Difference: Bounty Hunter and a Bail Bondsman

Though these two agents sometimes work together, there are big differences between them. Bail bondsmen and bounty hunters (aka fugitive recovery or bail enforcement agents) are at times confused with one another, but they each move in their own unique circles and are regulated in completely different ways.

The 1873 Supreme Court trial of Taylor v. Taintor is cited as the origin of the law that a person into whose custody a defendant is remanded as part of the bail process has “sweeping rights” to that person. When a suspect “jumps bail,” this is the time when these two professions will interact, ultimately to bring the defendant back in front of the court and assure the bail is voided instead of forfeited.

What is a Bounty Hunter?

Specializing in capturing fugitives, these recovery agents are paid a monetary reward (bounty) for their services of locating, arresting and detaining. They are in most cases employed by the bondsman, are usually paid around 10% of the bail premium and are not responsible for the fugitive’s bail in any way. Bounty Hunters claim to catch about 90% of defendants who fail to appear. {Rachel Clarke (June 19, 2003). “Above the law: US bounty hunters“. BBC News. http://news.bbc.co.uk/2/hi/americas/3003886.stm.}

Depending on varying state laws, bounty hunters can enter a fugitive’s private property without a warrant to arrest them (though they cannot pursue a defendant into another’s home without that owner’s permission or a warrant). They are generally asked to train and test with firearms, handcuffs, tasers, and other powerful weapons and protective vests. Some states do not require formal training or even a license, only the bondsman’s sanction to operate – however many states have legal requirements that leave an out-of-state bounty hunter powerless in pursuing a fugitive across their borders.

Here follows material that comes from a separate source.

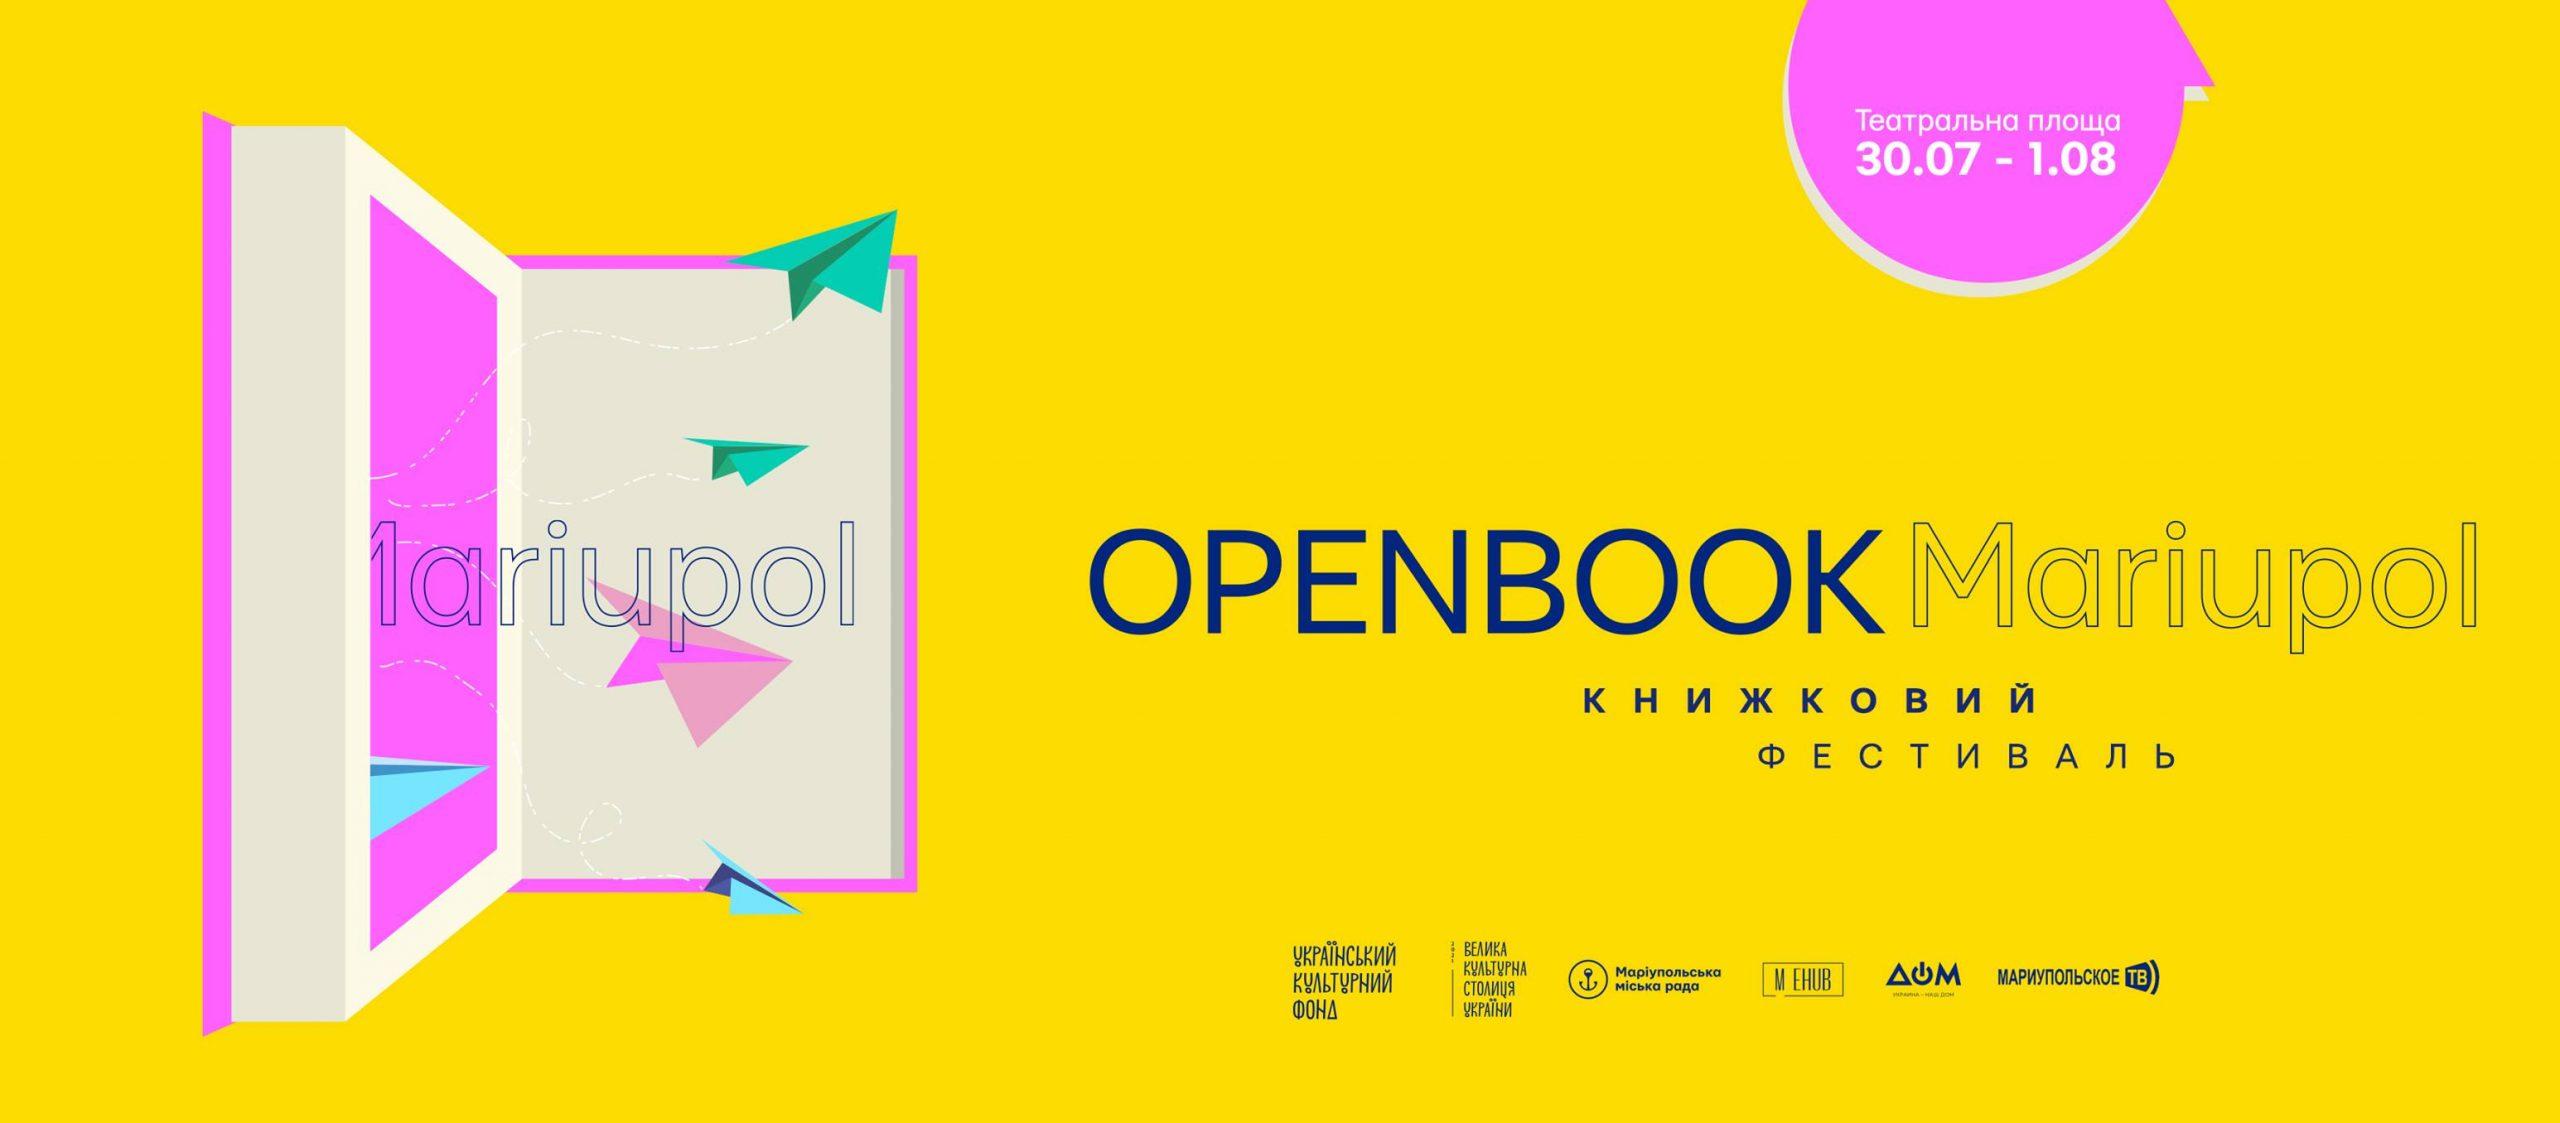 Mariupol Open Book: очікуємо на книжковий фестиваль в Маріуполі! • Маріуполь  туристичне місто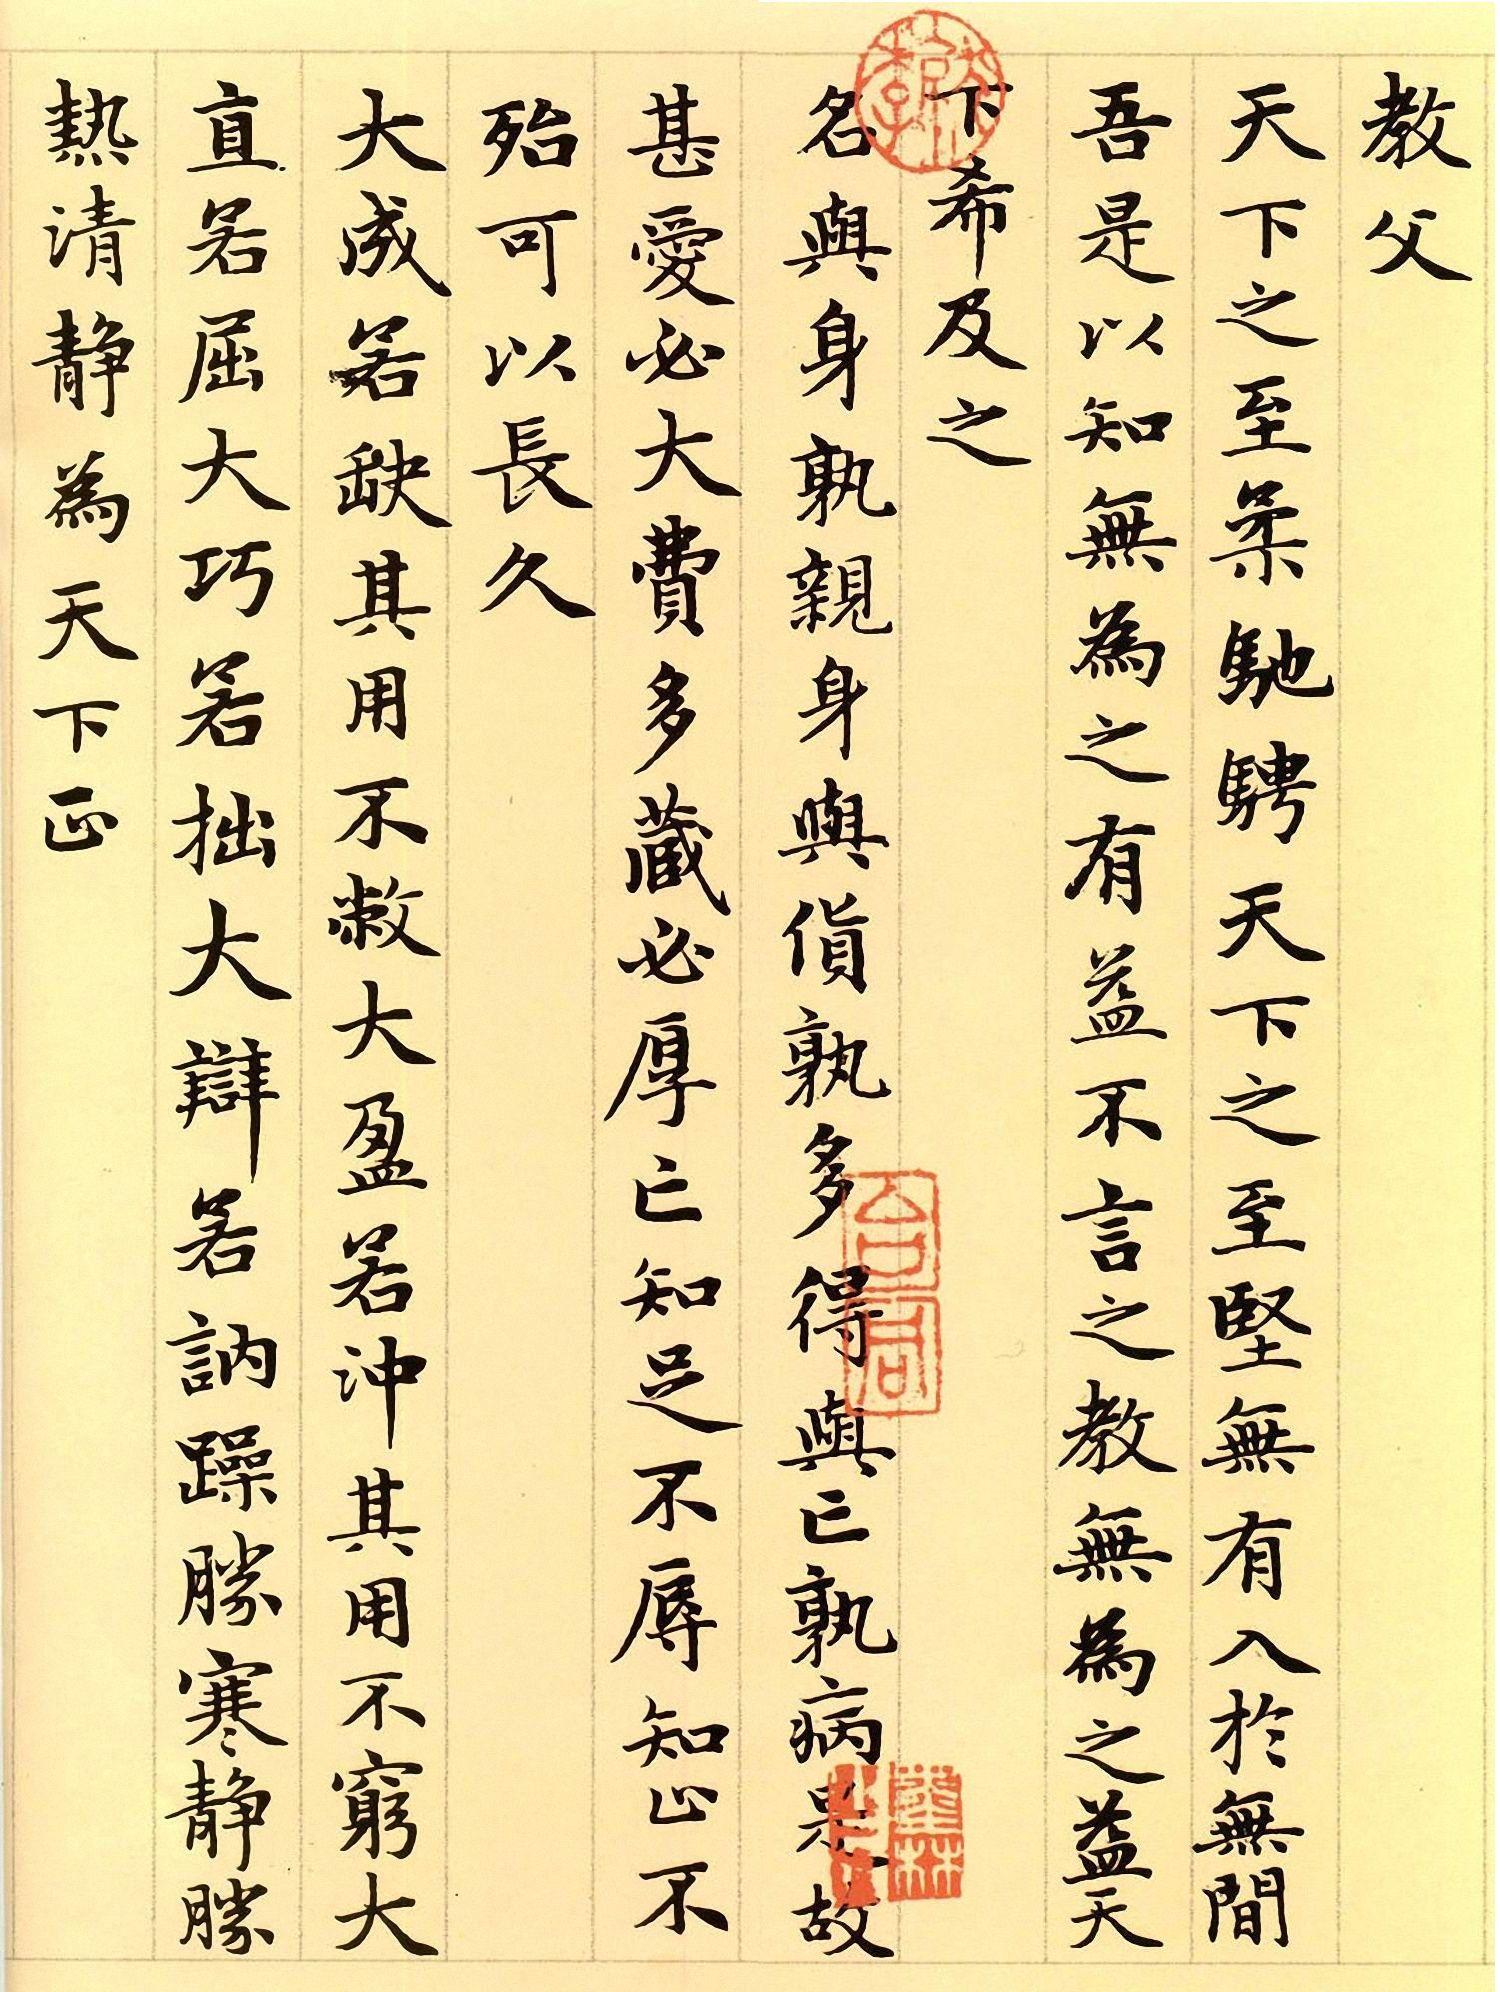 19 元朝 | 赵孟頫 | 道德经

Texas requires a bounty hunter to be a peace or security officer or private investigator; Louisiana requires special clothing to identify themselves as such; Kentucky prohibits any form of bounty hunting, and the state doesn’t have a system of bail bondsmen, so only a peace officer can make an arrest – the variances are endless. Crossing into another country can cause a bounty hunter to be arrested for kidnapping; one example was when TV star “Dog” Chapman was arrested after going into Mexico to capture Andrew Luster, the infamous millionaire rapist and fugitive. Dog was released and he then returned to the U.S., only to be declared a fugitive himself and subsequently arrested for extradition back to Mexico.

What is different about a Bail Bondsman?

A bail bond company is licensed by each state’s Department of Insurance – to write contracts, post surety bail bonds to release defendants from jail, and handle various forms involved in allowing a defendant freedom until their assigned court date. The bail agent guarantees to indemnify the surety (insurance company) in case of forfeiture of the bail (for failure of the defendant to appear). Though a bail agent might go to a jail with papers to sign, they are typically not armed nor do they go out searching for a bail jumper to arrest.

Familiar with the local workings of the criminal court system and its regulations, the bond company can be instrumental in securing a more rapid release of an incarcerated suspect. Because the courts save money when working through professional bondsmen, it is typical to find lower fines and before refunding the balance; they also might deduct payment for public defender fees as well.